Union members have voted overwhelmingly in favour of strike action over changes to UK higher education’s biggest pension scheme, it was announced on 22 January. Eighty-eight per cent of University and College Union members who took part in the ballot voted to walk out after Universities UK proposed scrapping the element of the Universities Superannuation Scheme that guarantees a certain level of pension income in retirement. UCU said that, if a deal cannot be reached, 14 days of strike action would be held at the 61 institutions where ballots met the required 50 per cent turnout threshold, starting with a two-day walkout on 22 and 23 February. Talks were continuing as Times Higher Education went to press
Exams in mathematics and computer sciences at the University of Oxford have been extended in a bid to close a growing gender gap in attainment, The Sunday Times reported on 21 January. Undergraduates were given 105 minutes to complete papers last summer, rather than 90 minutes, “with no change in length or difficulty of questions”. The change was aimed at reducing “the undue effects of time pressure”, which is thought to have a greater impact on female students. Oxford said that third-year students showed an improvement in their marks on the extended tests. “While there is clearly more progress to be made, the departments will continue with the longer papers for the foreseeable future, monitoring the exam data carefully,” the university said. Maths has one of the biggest gender variations in results at Oxford, the report said: only 21.2 per cent of women on the course graduated with a first last year, compared with 45.5 per cent of men.

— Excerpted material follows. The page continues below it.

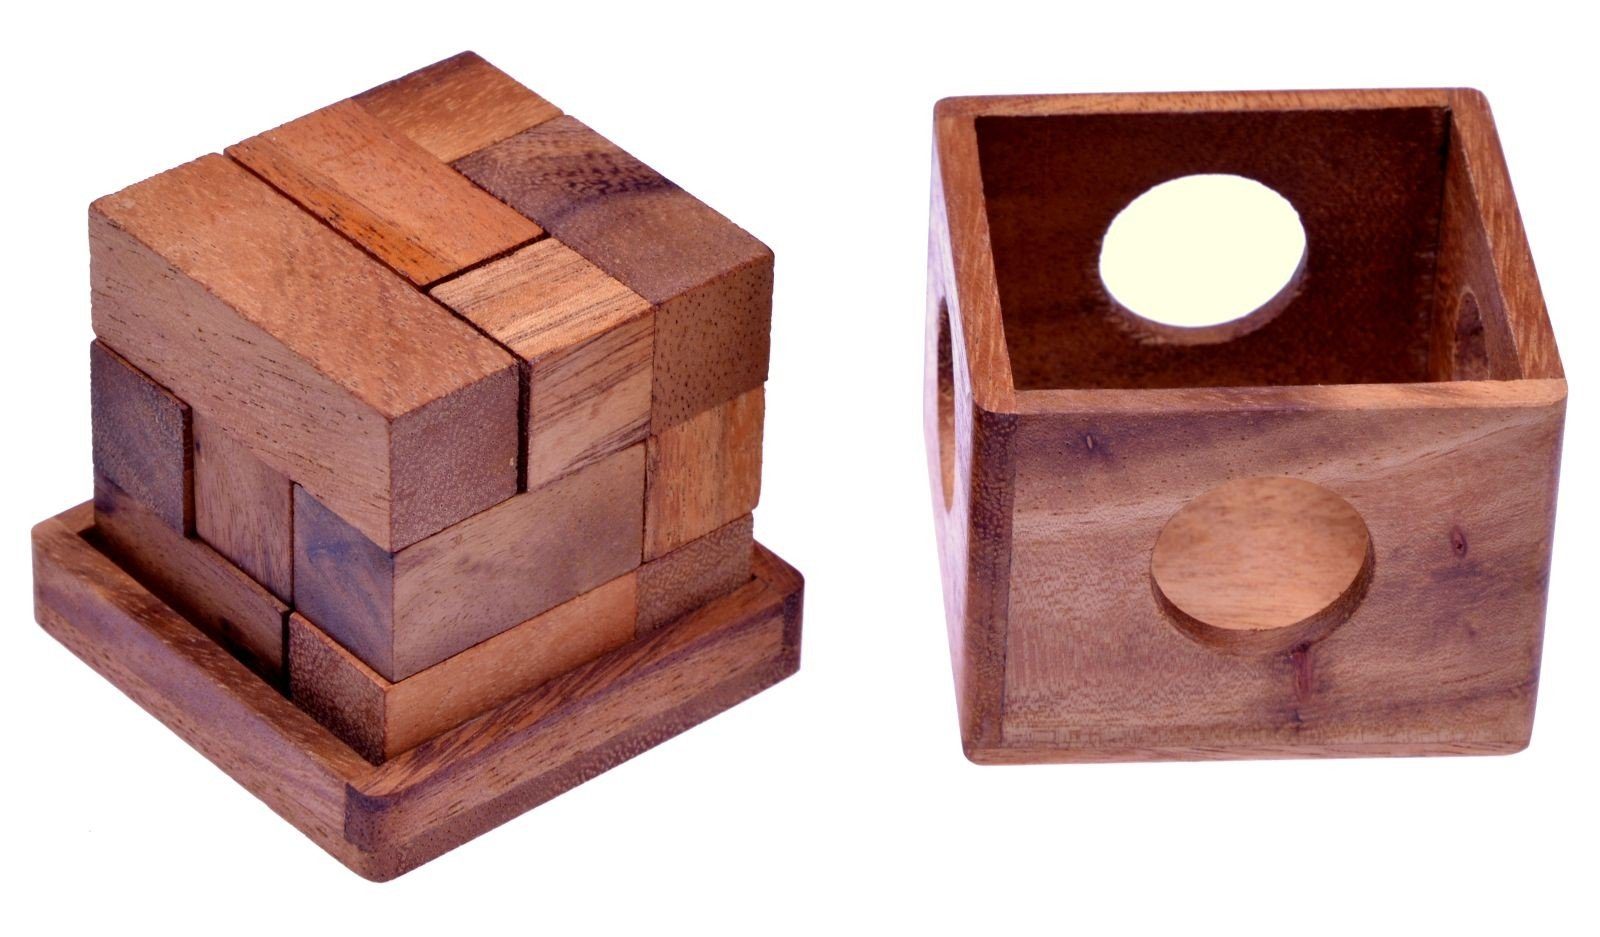 Gr. - Kantenlänge Puzzle L 3D - cm im Holzspiele Soma Würfel Knobelspiel HolzkastenHolzspielzeug - Logoplay 9 Spiel,

Students at the University of Exeter have been left feeling like muggles after Harry Potter author J. K. Rowling scotched a long-standing rumour that a pub in the city inspired a location in the novels. The author is an Exeter alumna – having achieved a 2:2 in French with Greek and German – which fuelled speculation that The Old Fire House had served as the inspiration for wizarding pub The Leaky Cauldron. However, after the pub was sold for a figure believed to be between £3 million and £4 million, Ms Rowling took to social media to dismiss the link, Plymouth newspaper The Herald reported on 17 January. “If you want real fantasy, go to an estate agent,” she tweeted. “Never visited this pub in my life.” With a price tag like that, let’s hope that the buyers weren’t relying on trading on the Potter link to recoup their outlay.
“Universities luring millennials to communism, leading don warns”, thundered The Times on 17 January. While the story didn’t quite back up the headline, the don in question was Orlando Figes, professor of history at Birkbeck, University of London, and the cause for concern was a poll that found that 24 per cent of 18- to 24-year-olds viewed big business as a serious danger to the world, compared with 9 per cent who were worried about communism. What Professor Figes did say was that the drive for balance and moral relativism in universities and textbooks risked minimising Stalin’s crimes. “That sort of moral equivalence is unhelpful, because even the ‘good’ things [Stalin] did were done with such rates of murder and destruction that they can’t be counted as good,” Professor Figes said. Writing in the New Statesman, Stephen Bush questioned how helpful it was to poll young people about their views on communism. “It’s a lot like asking young people which is a bigger threat: a mugger or a sabretooth tiger. Sabretooth tigers are extinct so quite clearly the correct answer is ‘the mugger’,” he wrote.
By the time they have finished their theses, many doctoral students are glad to see the back of their dissertations. Not so Grace Lindsay, a neuroscience postdoc at Columbia University, who tweeted on 17 January that she had had the text of her thesis printed on a scarf. Online, scholars seemed intrigued rather than horrified by the prospect of having a dissertation as a weight around the neck (albeit a lightweight one) long after they have completed it, retweeting the post about 24,000 times. However, as a mode of scholarly communication, the scarves do have their limitations: Massachusetts-based manufacturer Litographs says that it can squeeze only about 30,000 words on to the garment, so preparing the accessory demands some careful editing.